To make ssh_use_certificate_matching_rules option more flexible and
predictable the keywords 'all_rules' and 'no_rules' are added.
'no_rules' can be used to allow all certificates.

If rules names are given but no matching rules can be found this is
considered an error and no ssh keys will be derived from the certificates.

ssh: do not mix different certificate lists

There was a list of binary certificates and a list with base64 encoded ones
which might be different depending on the active matching rules.

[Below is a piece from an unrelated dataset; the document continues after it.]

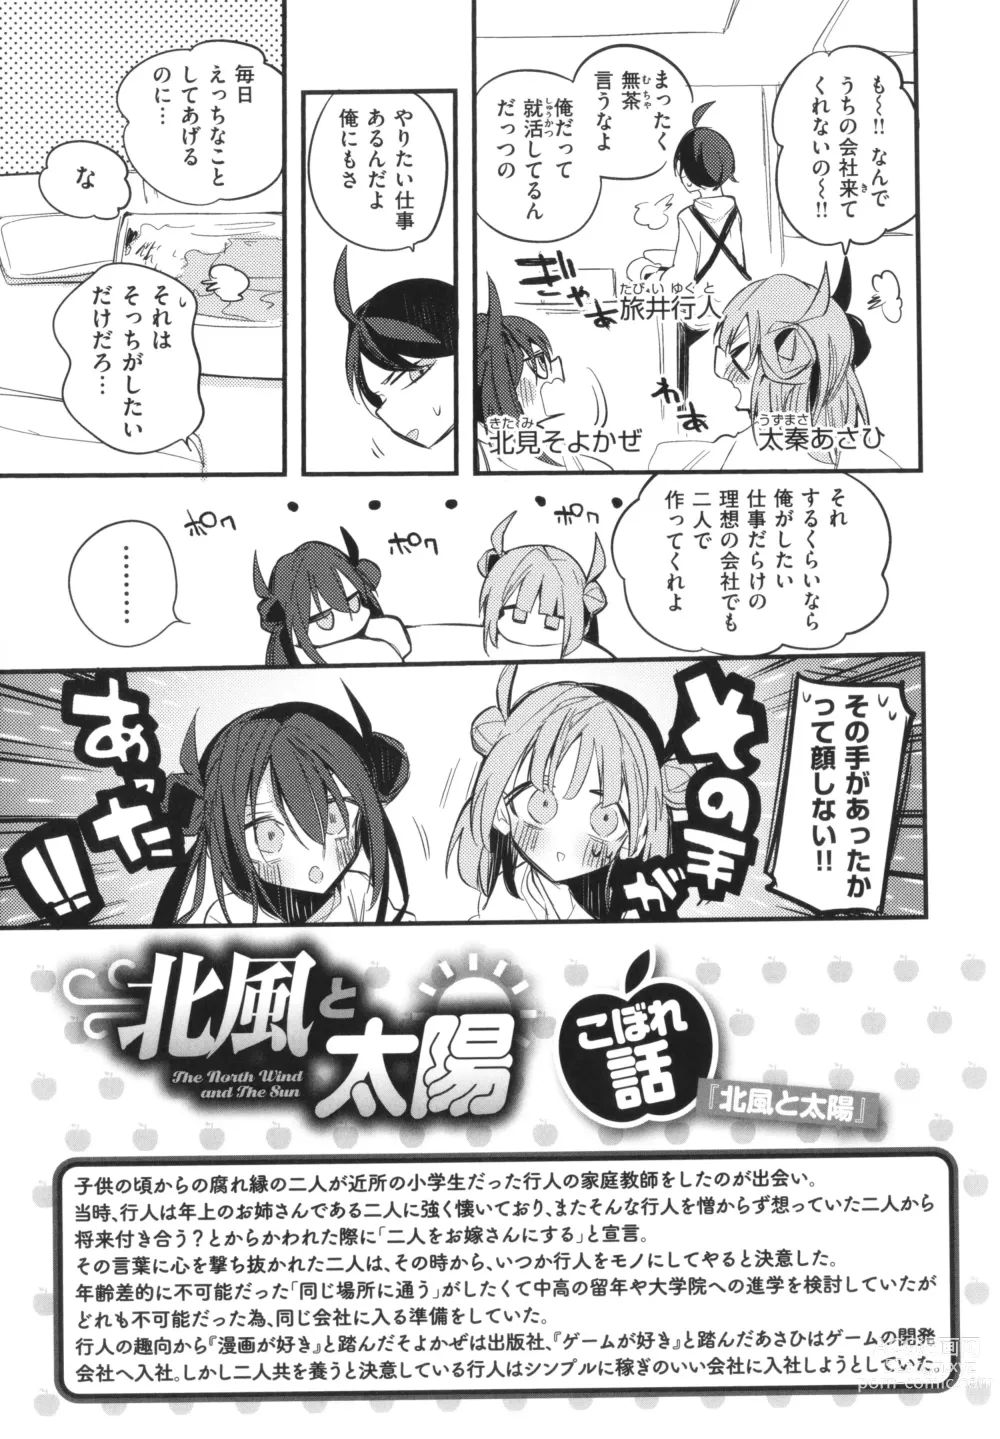 Page 157 of manga New Tawawa Paradise
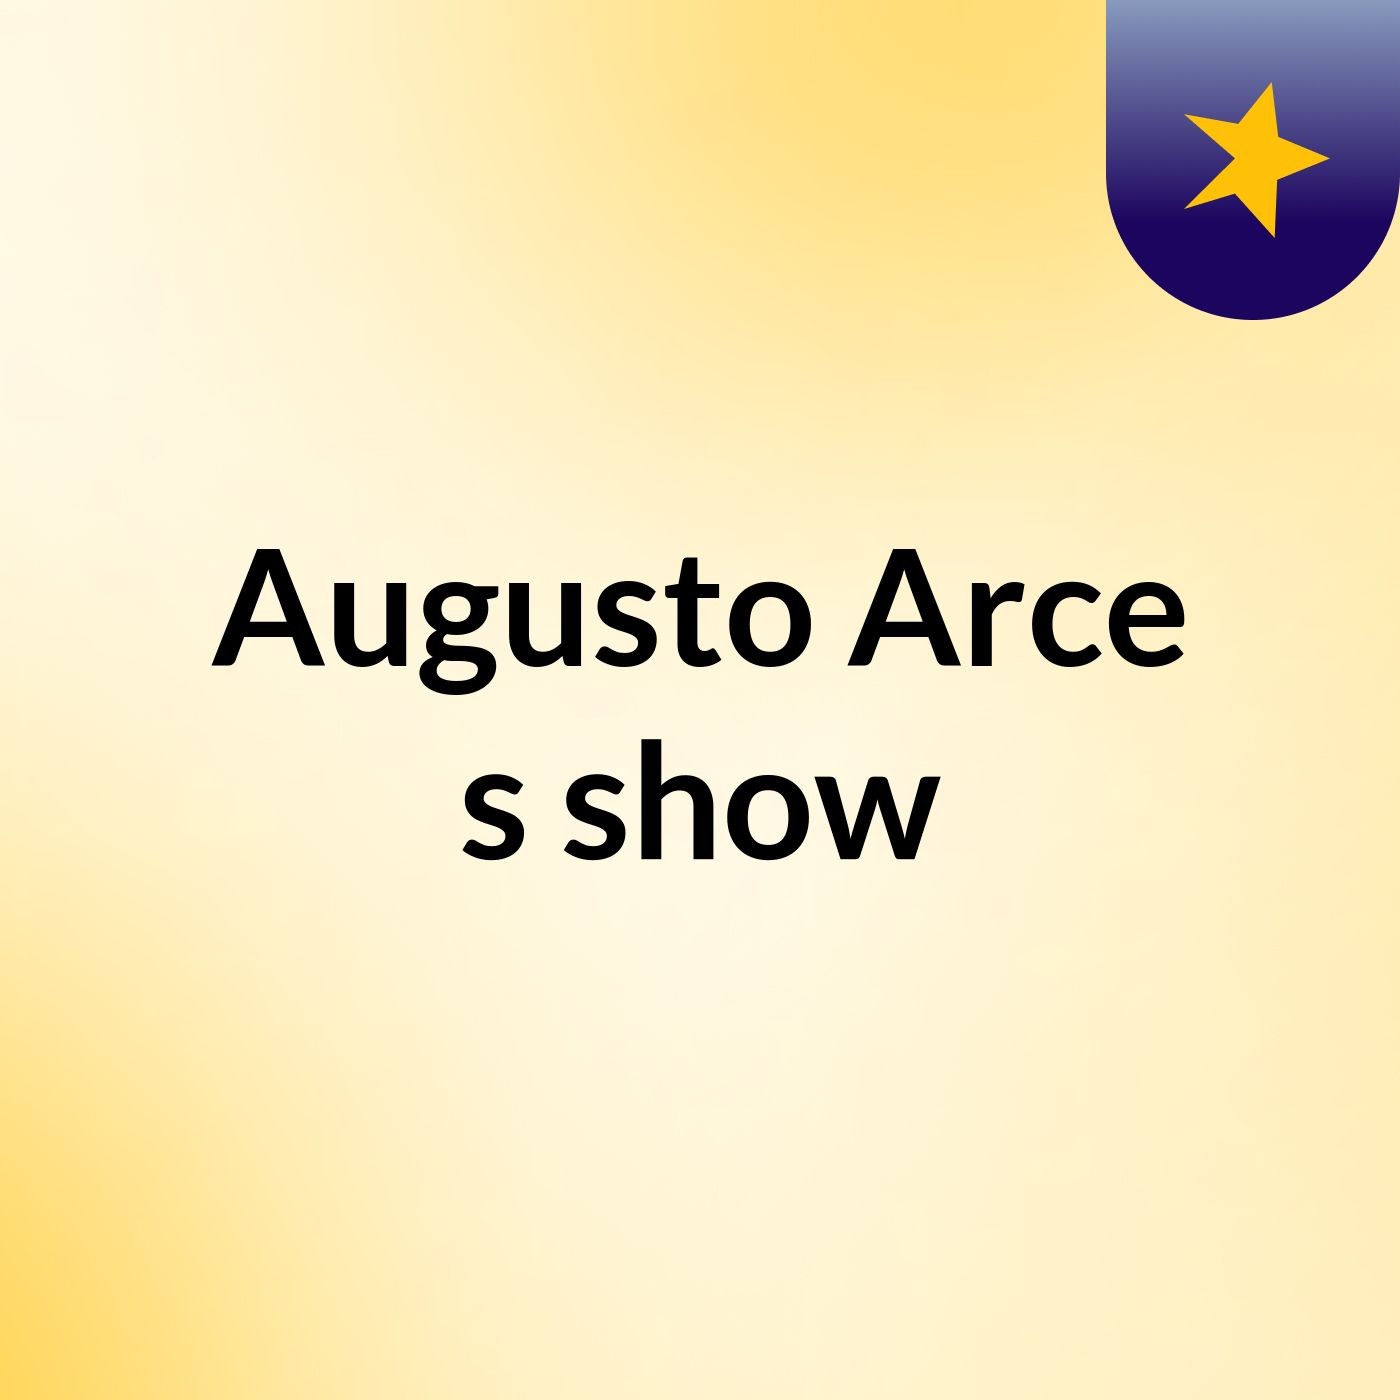 Augusto Arce's show

Only the
base64 one with the filtered results should be used.

Related to https://pagure.io/SSSD/sssd/issue/4121
"""

To pull the PR as Git branch:
git remote add ghsssd https://github.com/SSSD/sssd
git fetch ghsssd pull/985/head:pr985
git checkout pr985
From d91ff9582c305a95cf3ae3ae50174d752d13ff82 Mon Sep 17 00:00:00 2001
From: Sumit Bose <sb...@redhat.com>
Date: Wed, 8 Jan 2020 13:46:22 +0100
Subject: [PATCH 1/2] ssh: do not mix different certificate lists

There was a list of binary certificates and a list with base64 encoded
ones which might be different depending on the active matching rules.
Only the base64 one with the filtered results should be used.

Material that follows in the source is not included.